Le 6 octobre 2025 restera gravé dans l’histoire diplomatique congolaise. Lors de la 222ᵉ session du Conseil exécutif de l’UNESCO, la candidature de Firmin Édouard Matoko pour le poste de Directeur général a été sévèrement sanctionnée : 55 voix pour l’Égypte, contre seulement 2 pour le Congo. Un écart impressionnant qui relance le débat sur l’efficacité de la diplomatie congolaise, ses alliances africaines, et sa capacité à émerger dans les instances multilatérales.
Le contexte et les enjeux ont révélé un scrutin aux allures de test pour le pays. Le vote au Conseil exécutif, composé de 58 membres, désignait le candidat à soumettre à l’Assemblée générale de l’UNESCO (194 États membres) pour la validation finale du mandat 2025–2029.
Cette élection intervient dans un contexte de retrait américain prévu de l’UNESCO, ce qui affaiblit structurellement l’organisation et l’oblige à diversifier ses financements. Selon Le Monde, la candidature de Khaled El-Enany bénéficiait d’un soutien stratégique : l’Union africaine, la Ligue arabe, ainsi que la France qui l’ont appuyé. Quant à fFirmn Edouard Matoko, son parcours long au sein de l’UNESCO (Assistant Directeur général pour la Priorité Afrique et les Relations extérieures de 2017 à 2025) lui vaut respect et légitimité au plan institutionnel. Pendant la campagne, il a insisté sur l’intégration des priorités africaines aux stratégies globales de l’UNESCO.
Défaite spectaculaire : question de diplomatie ou d’absence de stratégie ?
Cet écart colossal pose plusieurs interrogations :
- La diplomatie congolaise a-t-elle failli ? Malgré une délégation importante (menée par Jean-Claude Gakosso) et un appui visible du gouvernement, le Congo n’a pas su convertir ce soutien en voix. Certains analystes y voient un isolement diplomatique — une incapacité à fédérer une coalition africaine crédible, voire une stratégie de lobbying trop tardive ou insuffisante.
Salle X de l’Unesco pendant le débat plenier@MAE/Congo
Le manque d’alliances africaines est-il révélateur ? Dans un contexte où l’Afrique avait déjà des candidatures concurrentes à l’UNESCO ou d’autres organisations, le groupe semblait divisé. Le décès antérieur d’Amadou Mahtar Mbow, premier Africain à avoir dirigé l’UNESCO (1974–1987), symbolise peut-être la fin d’une époque de voix unifiées africaines dans les grandes instances.

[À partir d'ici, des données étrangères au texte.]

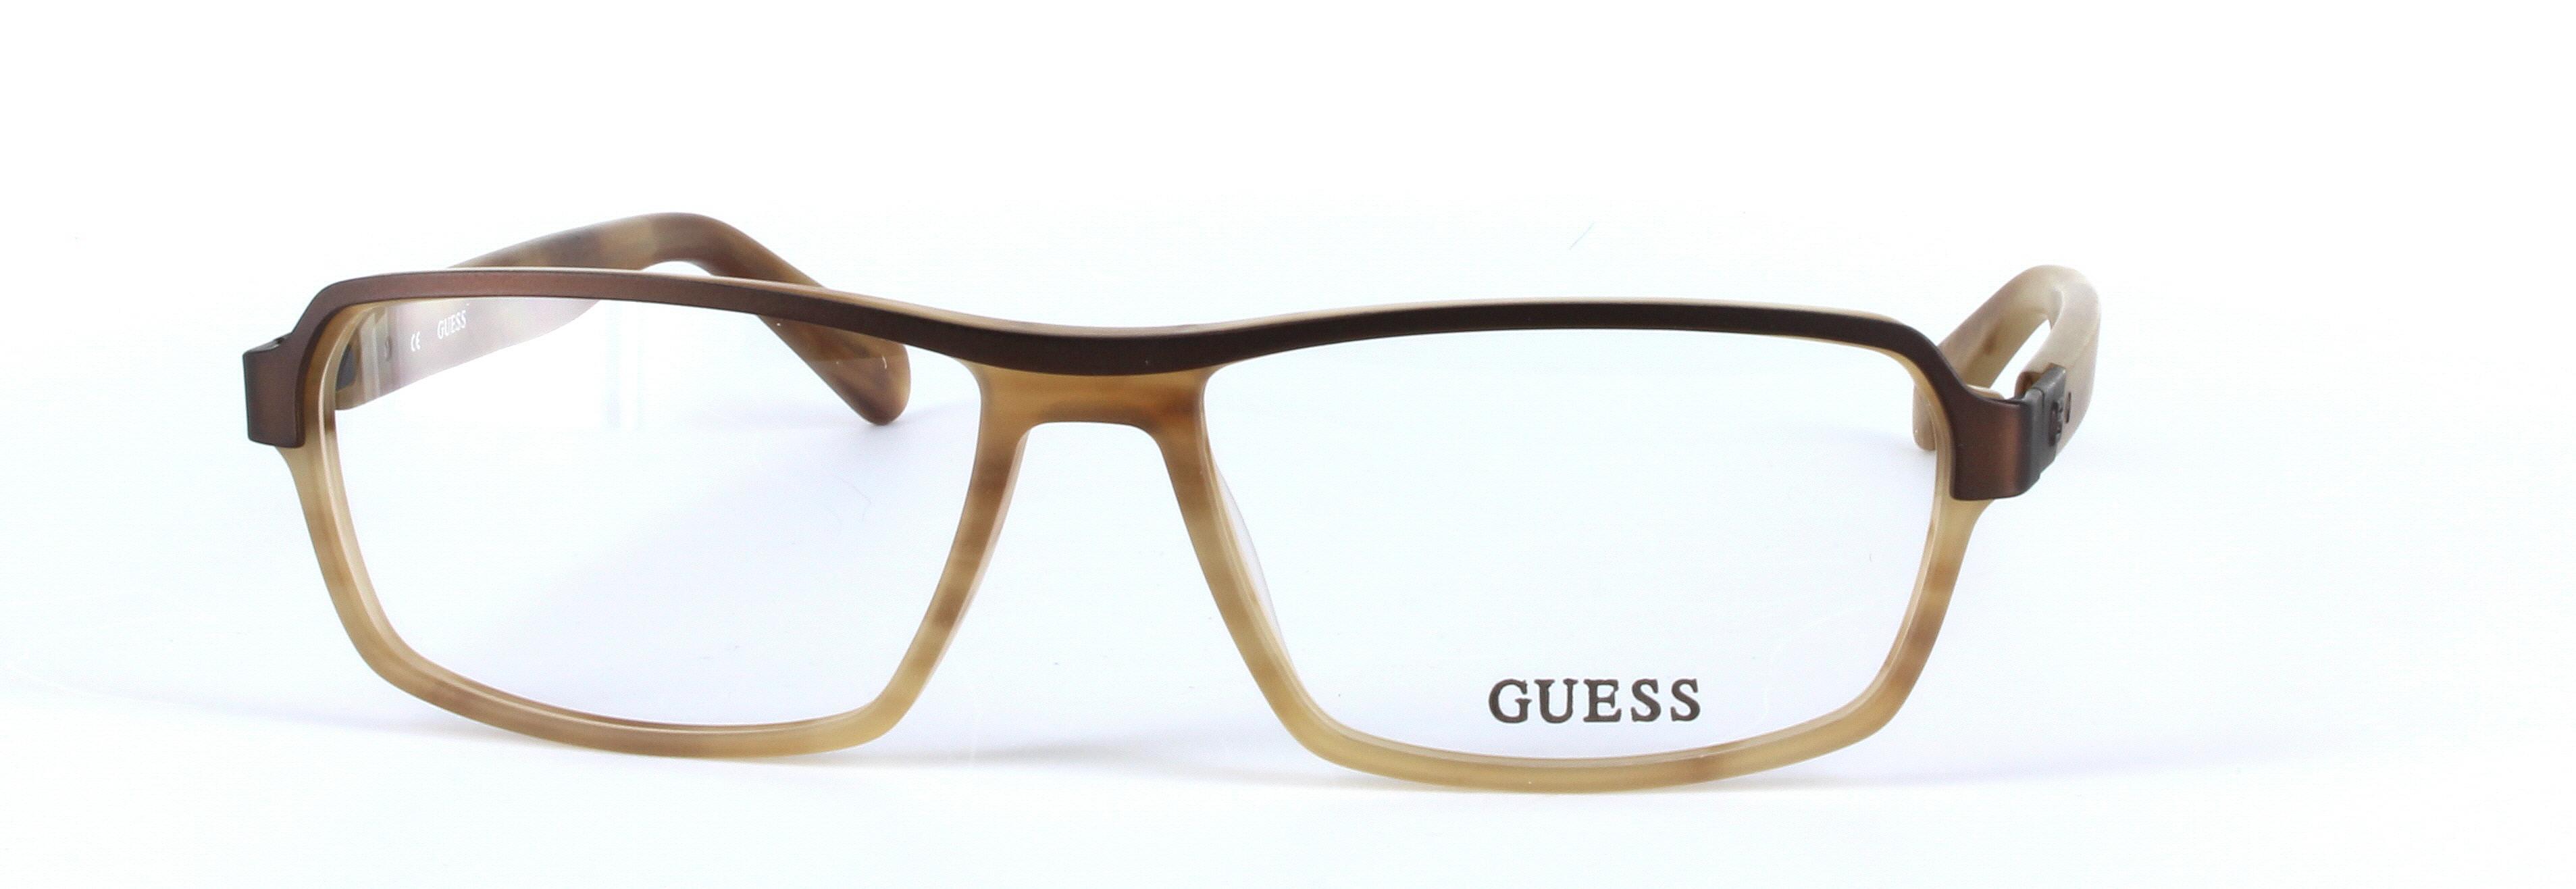 GUESS (GU1790-BRN) Brown Full Rim Rectangular Acetate Glasses - Image View 5
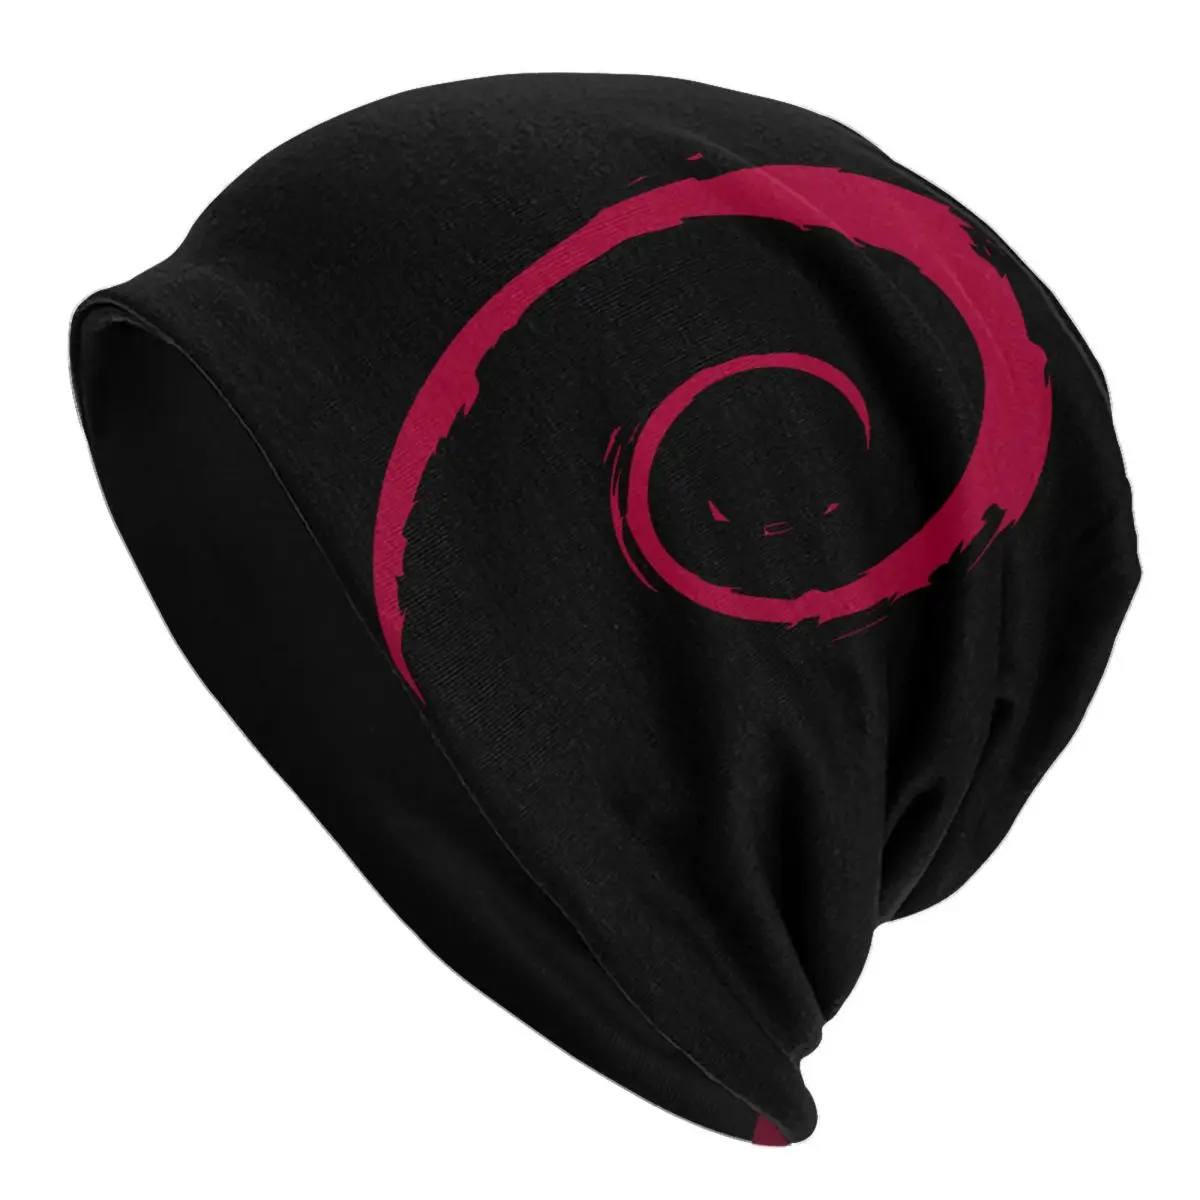 XS Debian Spiral Спортивные Шапочки-бини Linux Code Python Skullies Шапочки Лыжные Кепки Женские шляпы-капоты

- La communication et le timing ont-ils fait défaut ? Le candidat congolais a été critiqué pour son arrivée tardive dans la course, et certains estiment que la stratégie de communication ou de lobbying n’a pas été à la hauteur de celle d’El-Enany très actif sur les réseaux diplomatiques.
- Un échec isolé ou symptomatique ? Ce revers rappelle celui de Henri Lopes, dont la candidature à la tête de l’OIF avait également stagné. Deux défaites importantes en quelques années pour le Congo laissent penser à un défi structurel dans la manière de porter ses candidats sur la scène internationale.
Silence officiel, message résilient
Depuis l’annonce des résultats, pas de réponse publique du gouvernement congolais. Quant à Firmin Matoko, il s’est contenté d’un message de remerciement sobre sur Facebook, saluant le soutien reçu sans commenter le score.

Ce revers ne serait pas pour autant fatal — il pourrait servir de catalyseur vers une diplomatie repensée. En effet, le Congo devra repenser ses alliances africaines, œuvrer pour des coalitions durables dans les organisations internationales. Il est urgent de professionnaliser la diplomatie de candidature : renforcer les réseaux, anticiper les alliances, mobiliser la communication. La prochaine échéance sera cruciale : le gouvernement devra tirer les leçons de cet échec pour mieux préparer et positionner ses candidats.

En guise de conclusion, la candidature de Firmin Édouard Matoko restera comme un geste audacieux, empreint de conviction. Son échec est sévère, mais il révèle surtout une vérité politique : si le Congo veut peser dans les grandes instances du multilatéralisme, il doit forger des stratégies diplomatiques solides et redéfinir son approche sur la scène internationale.